+++ Material provided +++

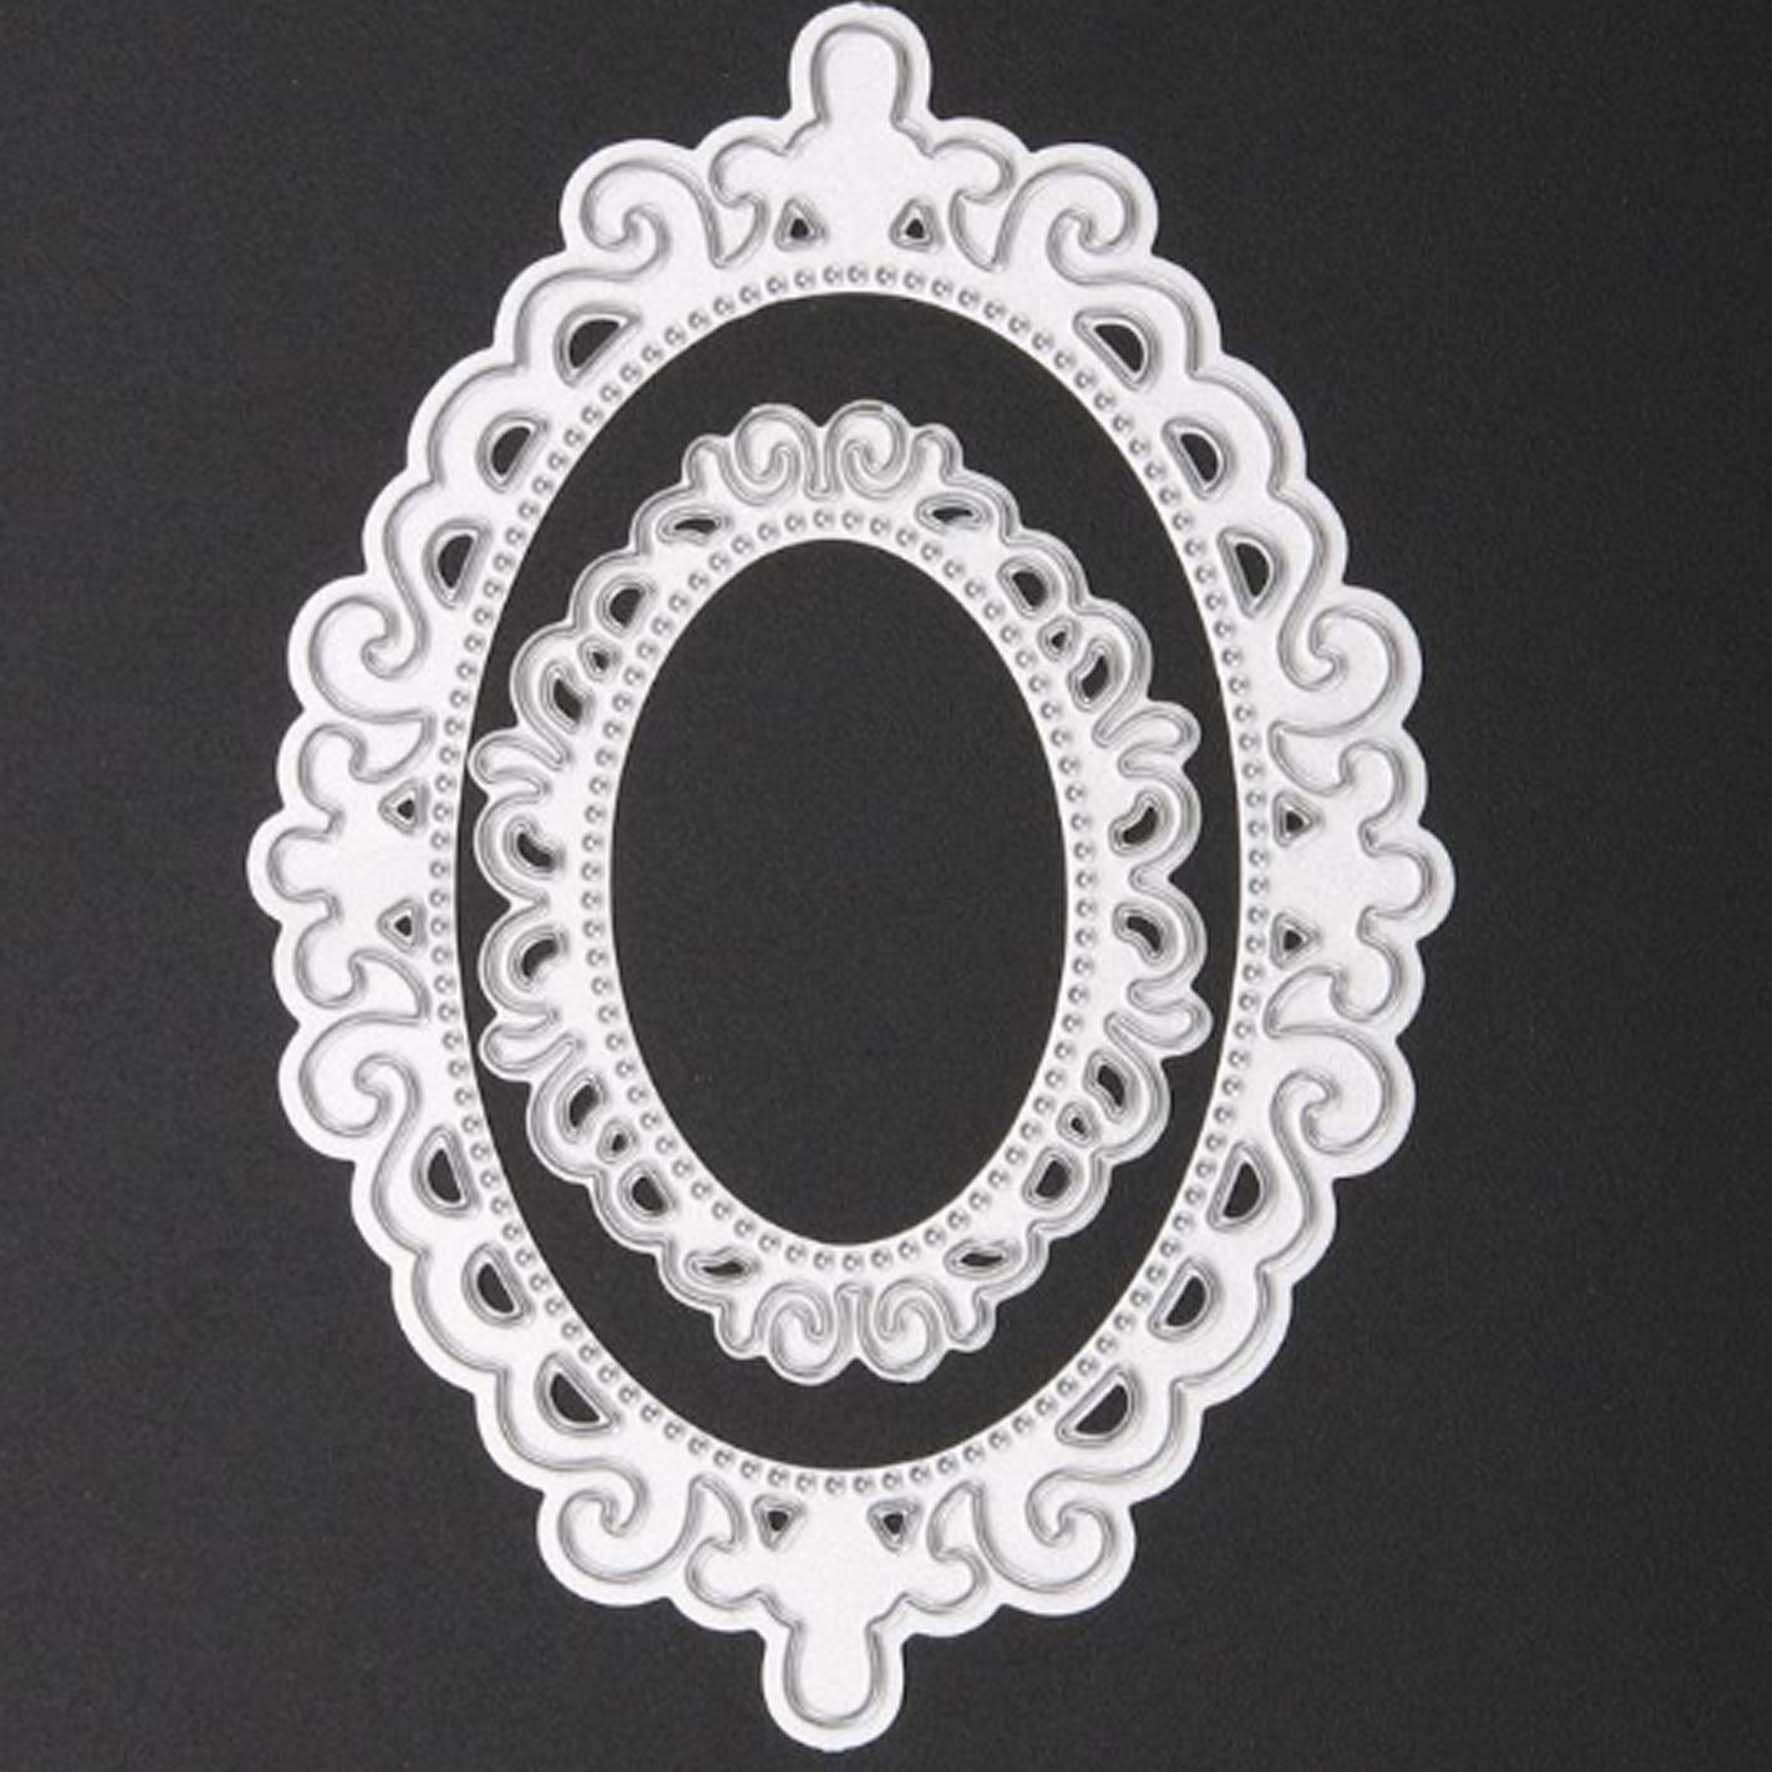 moldura espelho
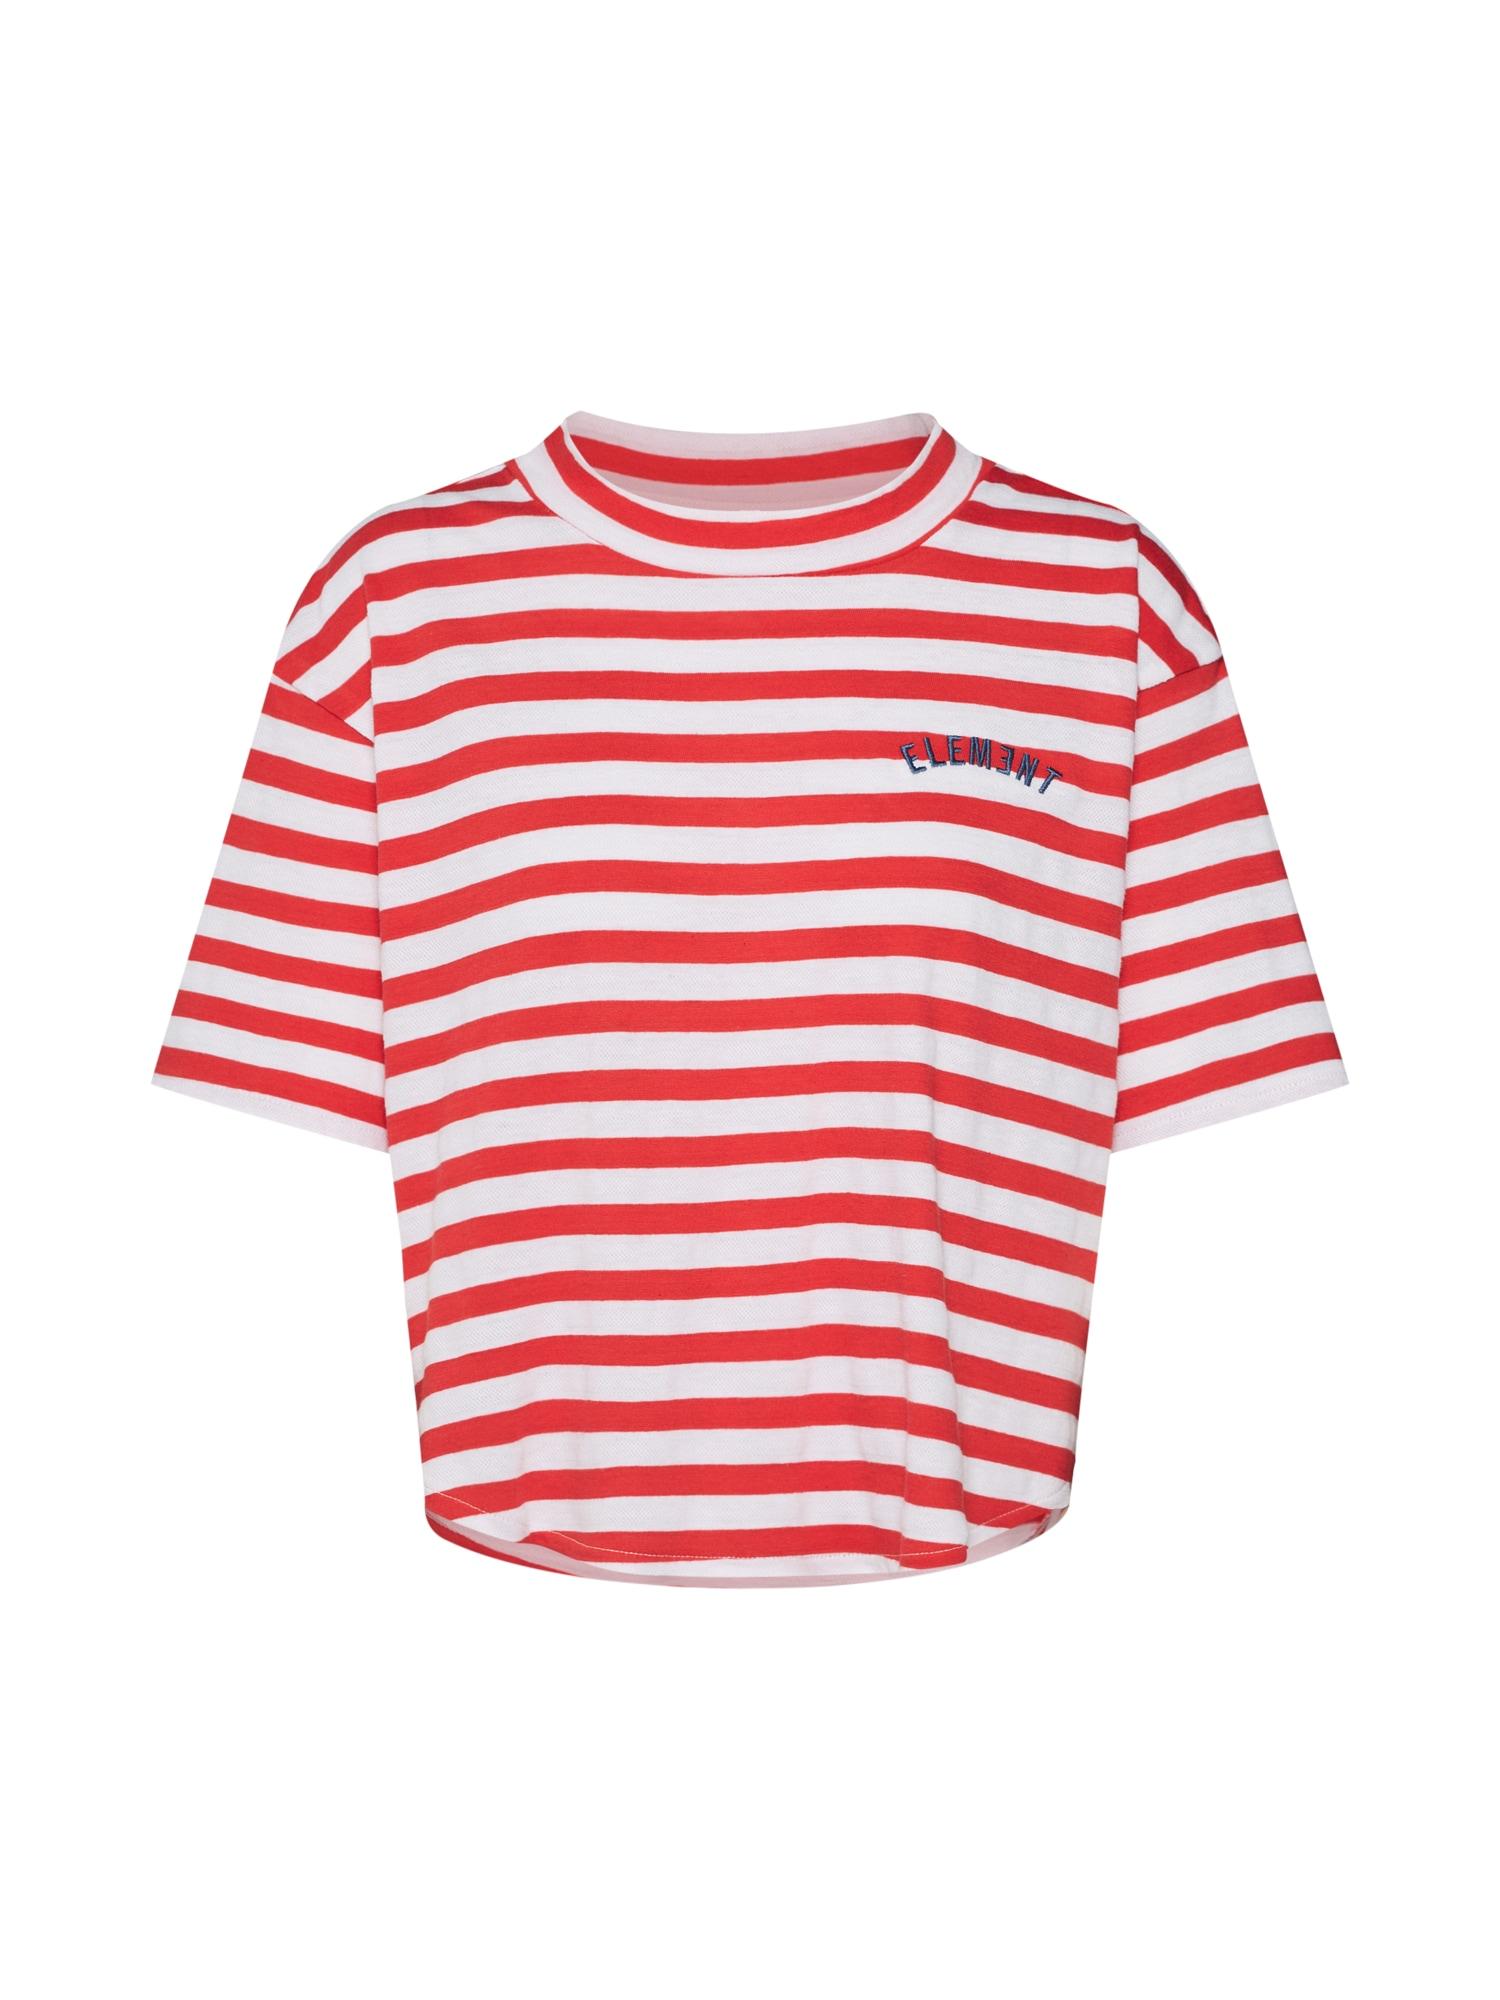 Tričko Loveless červená bílá ELEMENT
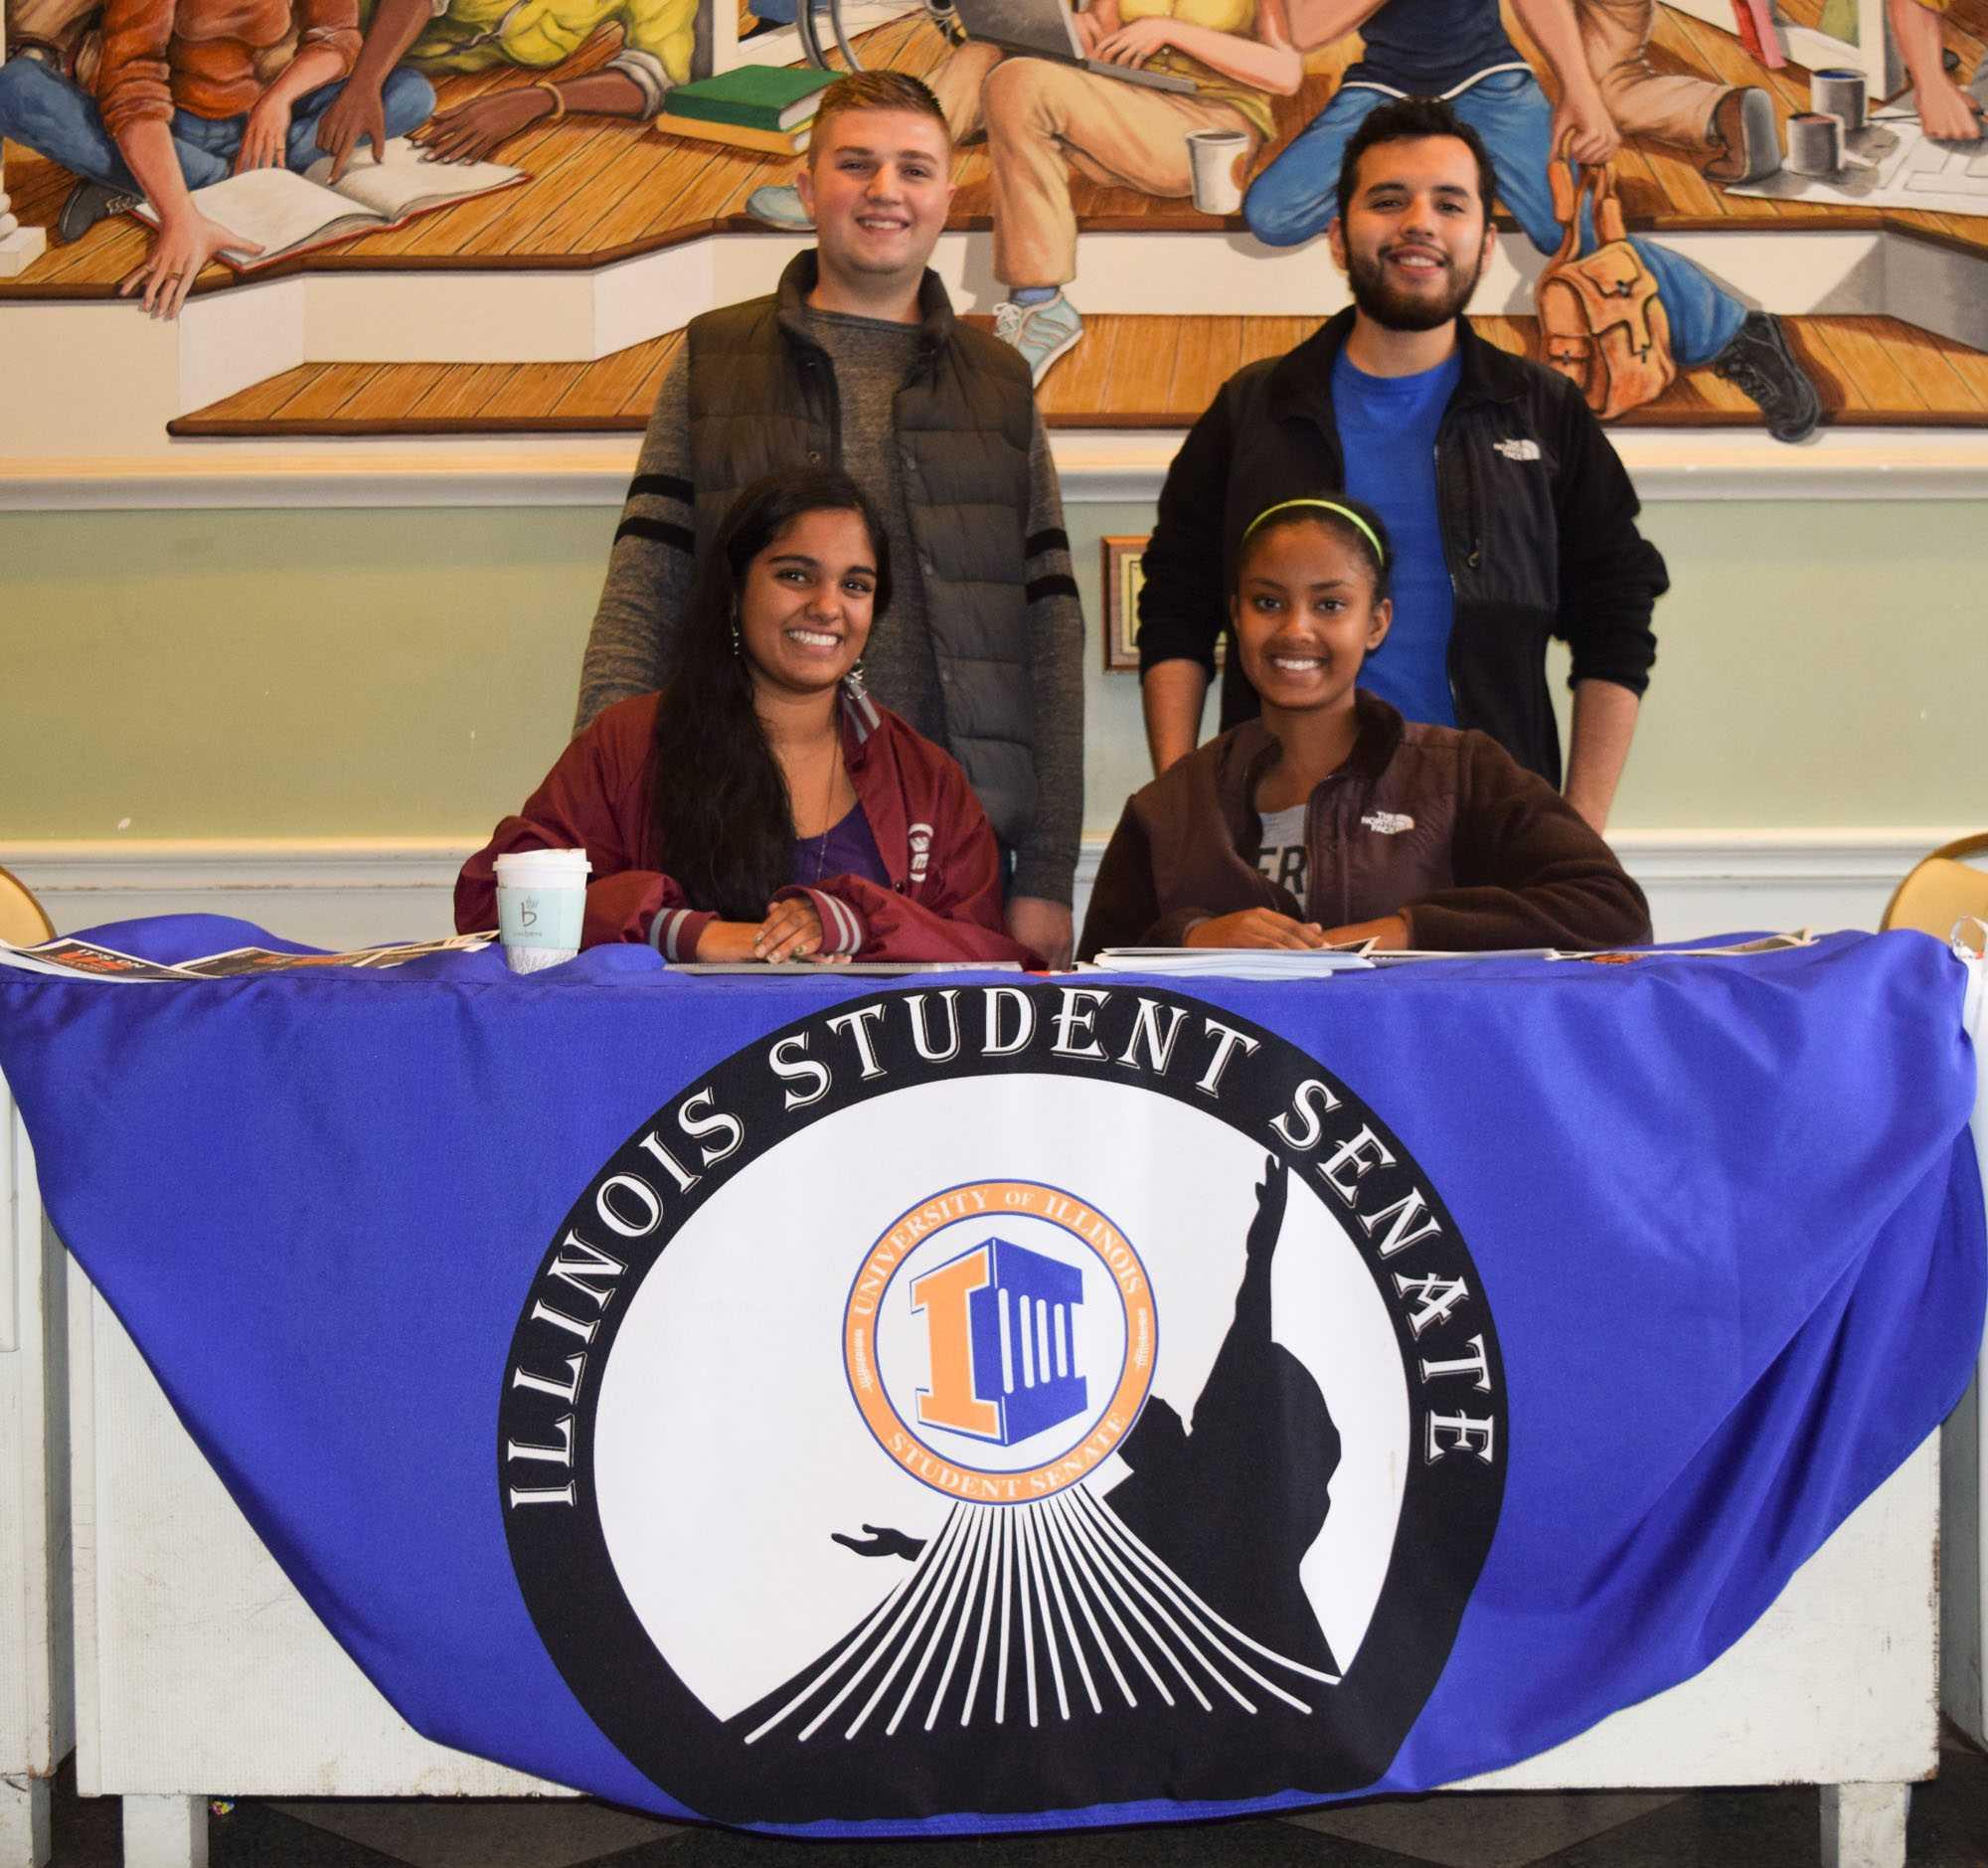 Matt Hill (top left), Moises Contreras (top right), Tara Chattoraj (bottom left), and Raneem Shamseldin (bottom right)

+++

◆ What the task asks
Return the listing unchanged except for the pictures, which should be dropped.

◆ Task response
 moldura espelho
 Tričko Loveless červená bílá ELEMENT
 Matt Hill (top left), Moises Contreras (top right), Tara Chattoraj (bottom left), and Raneem Shamseldin (bottom right)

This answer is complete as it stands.